Nano World: Nano-drugs cure mouse prostate

April 11, 2006

A single injection of nanoparticles loaded with drugs completely eliminated prostate tumors in mice, experts told UPI's Nano World.

Annually some 230,000 people get prostate cancer, killing 30,000 a year, explained researcher Omid Farokhzad, a molecular biologist and anesthesiologist at Brigham and Women's Hospital in Boston. The current state-of-the-art therapies for prostate cancer either implant radioactive material in the cancer to kill off cells or remove the entire diseased prostate gland. The radioactive therapy can prove effective but can lead to erectile dysfunction, urinary retention and radiation-induced bowel injury.

"A non-radioactive system such as our system could prove more efficient and less toxic than the current state of the art therapies, and much less toxic than traditional drugs, which can lead to many chemotherapy-associated complications," Farokhzad said.

The nanoparticles consisted of the anticancer drug docetaxel encapsulated within a safe, biodegradable polymer, to release the drug continually over time after the tumor absorbs the nanoparticles. The polymer is also effective against immediate removal from the body by the immune system, to help ensure the nanoparticles reached their intended target and do not inadvertently get absorbed by other cells beforehand.

The nanoparticles in turn were coated with RNA sequences known as aptamers, which can bind to specific cell surface receptors. In this case, the sequences targeted the prostate specific membrane antigen, a molecule that populate the surfaces of prostate cancer cells that is well known to get absorbed into the cell interior as well.

In mice, a single injection of the nanoparticles directly into prostate tumors resulted in complete tumor reduction in five of seven mice, with 100 percent surviving the entire 109-day study period. In contrast, nanoparticles without the RNA sequences resulted in complete tumor reduction in only two of seven mice and saw a 57 percent survival rate, while docetaxel treatment alone only had 14 percent survivability.

The Food and Drug Administration had approved the drug and polymers used in the nanoparticle therapy for prior clinical use, and the RNA aptamers are easy to synthesize and are not known to trigger immune responses, factors which the researchers hope could help quickly bring their nanoparticles for treatment in people.

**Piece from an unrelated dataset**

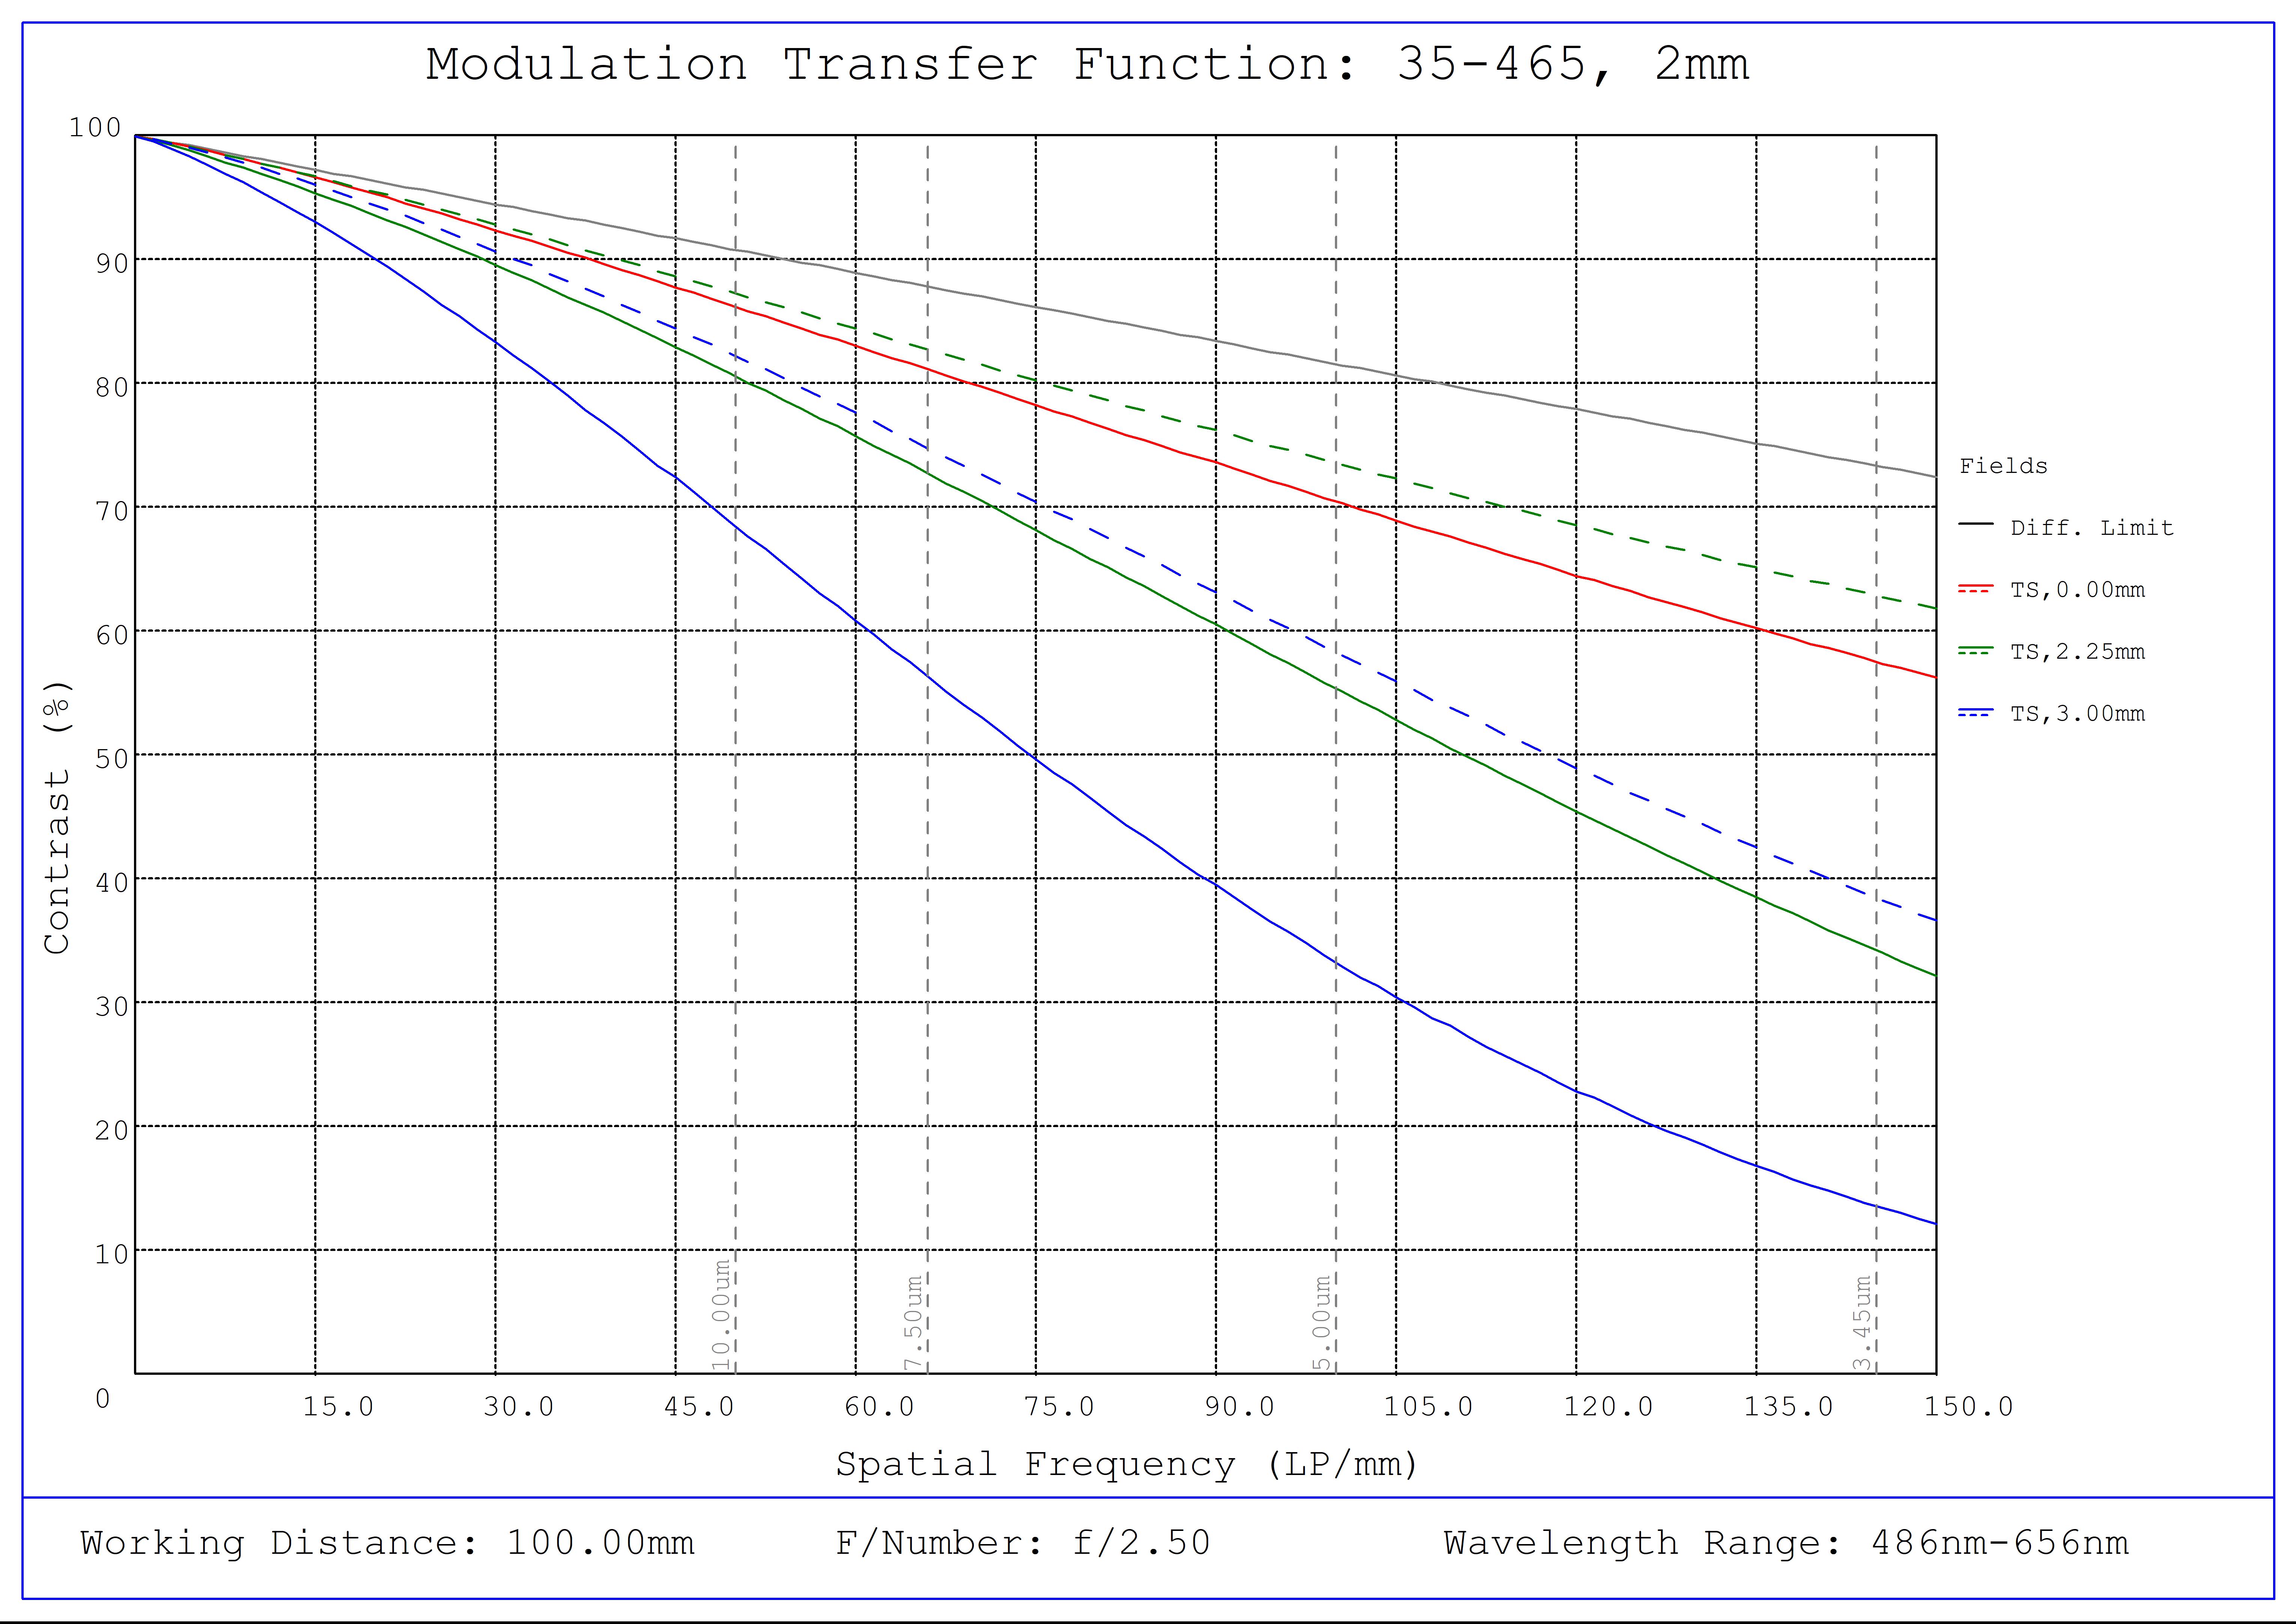 #35-465, 2mm FL f/2.5 IR-Cut, Blue Series M12 Lens, Modulated Transfer Function (MTF) Plot, 100mm Working Distance, f2.5
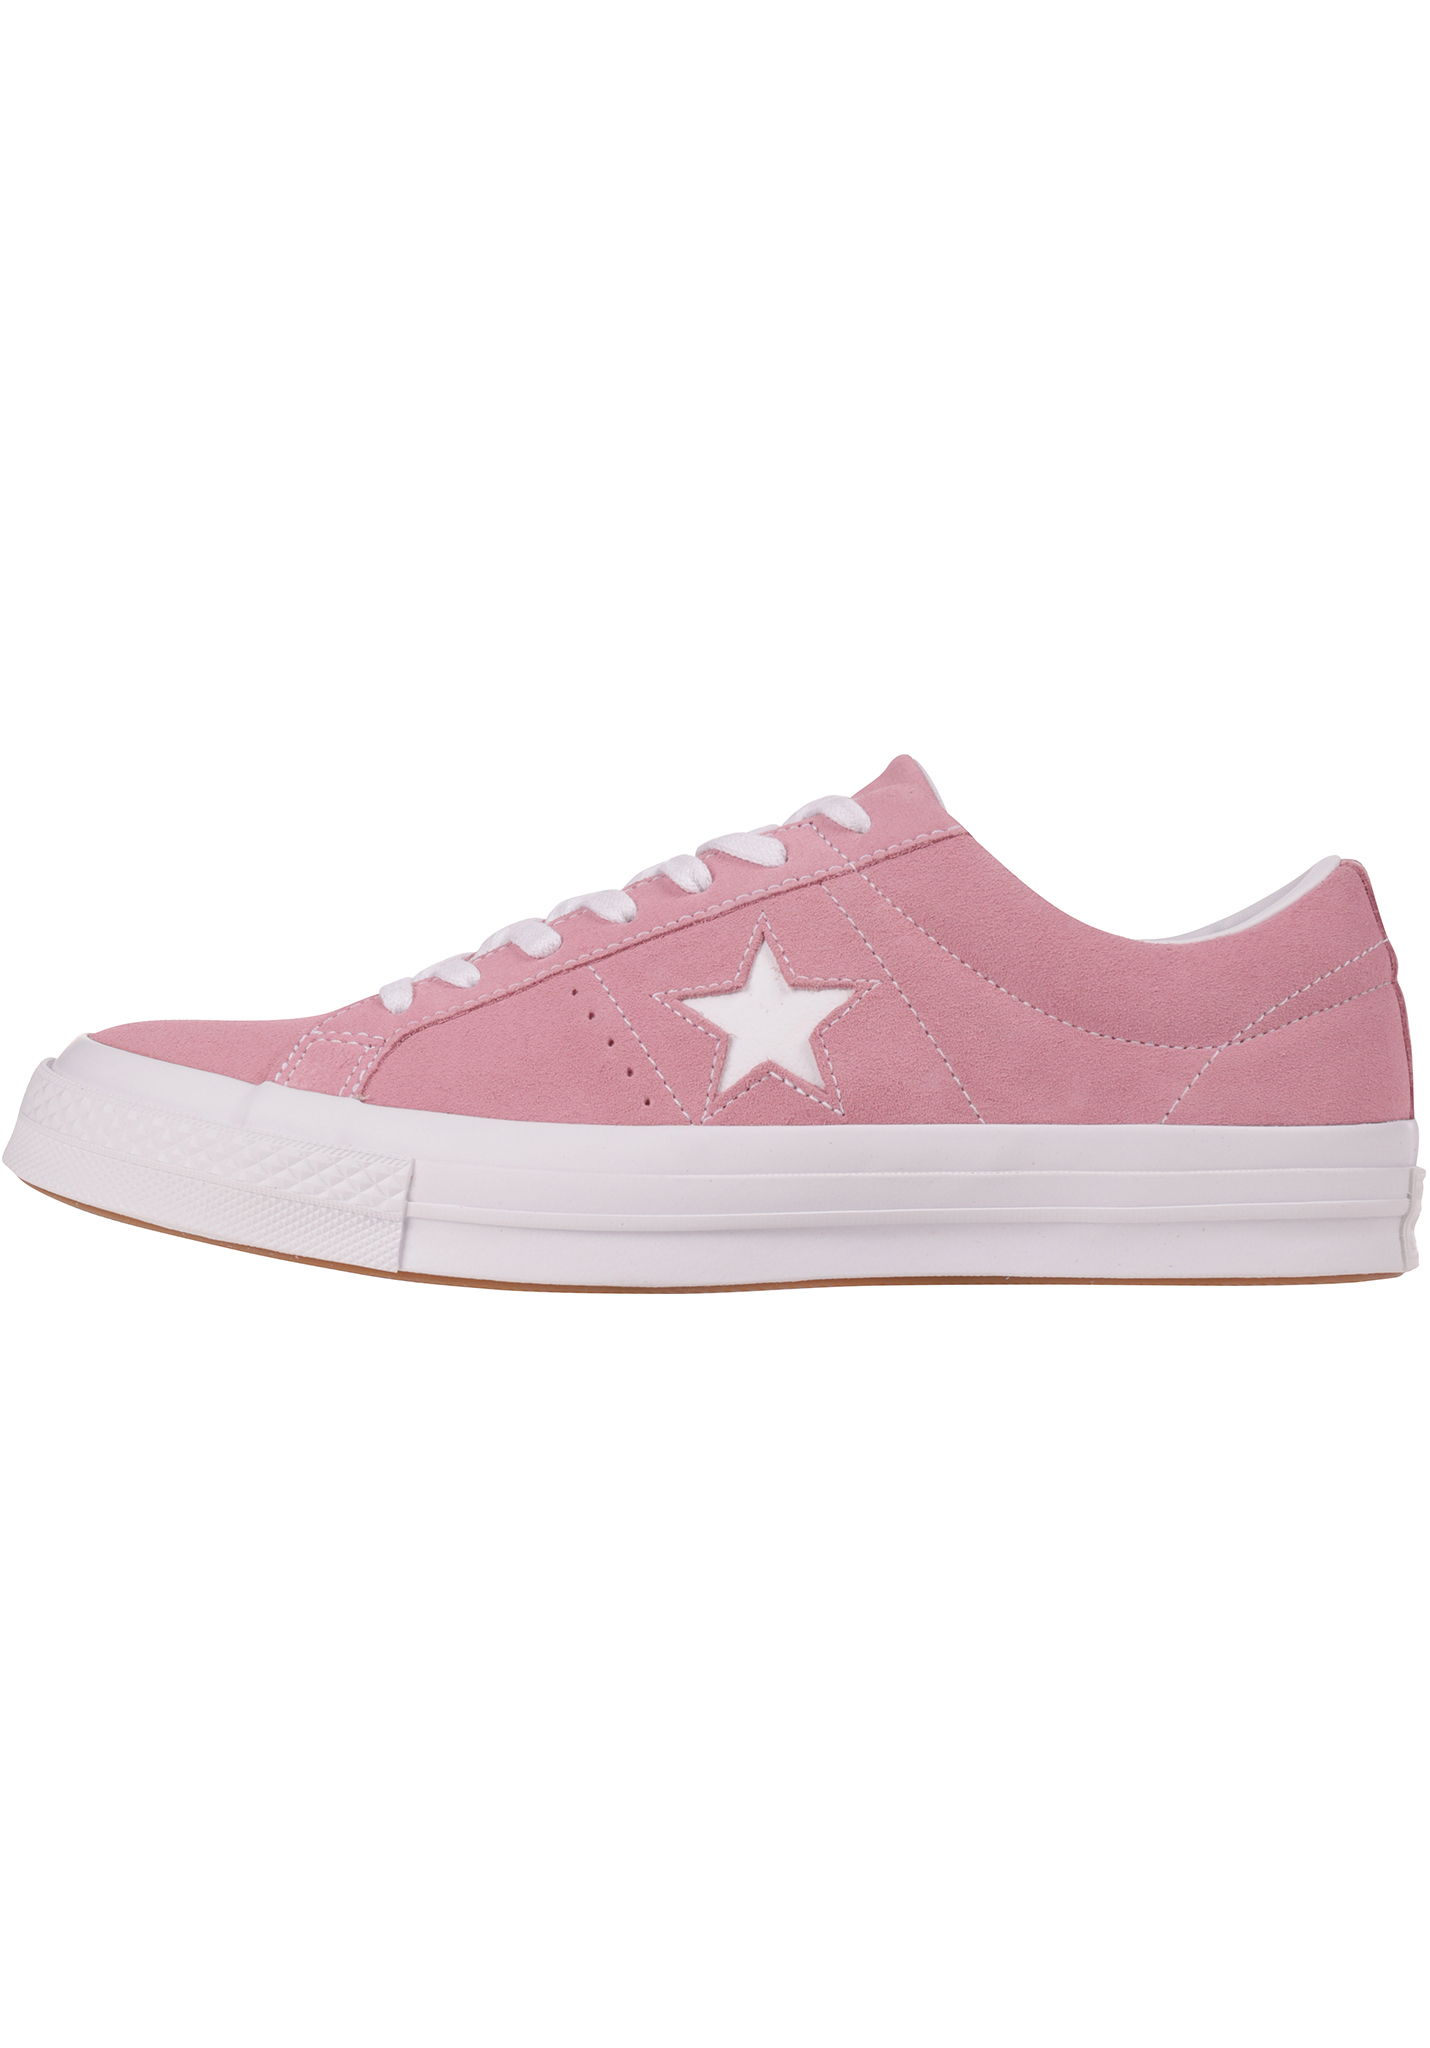 Converse One Star OX Sneaker pink glow/white/white 37

"The route to FDA approval is a little easier if a new device or drug is based on materials that are already in use for other applications," said mechanical engineer David LaVan at Yale University in New Haven, Conn. "This does not mean that they can be used automatically, just that the approval path is shorter. It is good to see, as it is common for people to develop new materials like this with little awareness of what has been approved or not in the past."

Researcher Robert Langer, a chemical engineer chemical engineer at the Massachusetts Institute of Technology, added, "this technology could be applied to almost any disease" by re-engineering the nanoparticles' properties to make them target other cells and diseases. "The work could have widespread applications beyond prostate cancer through the use of specific aptamer-antigen combinations for other types of cancer," said biomedical engineer Jason Burdick University of Pennsylvania in Philadelphia.

Langer, Farokhzad and their colleagues reported their findings online Monday via the Proceedings of the National Academy of Sciences.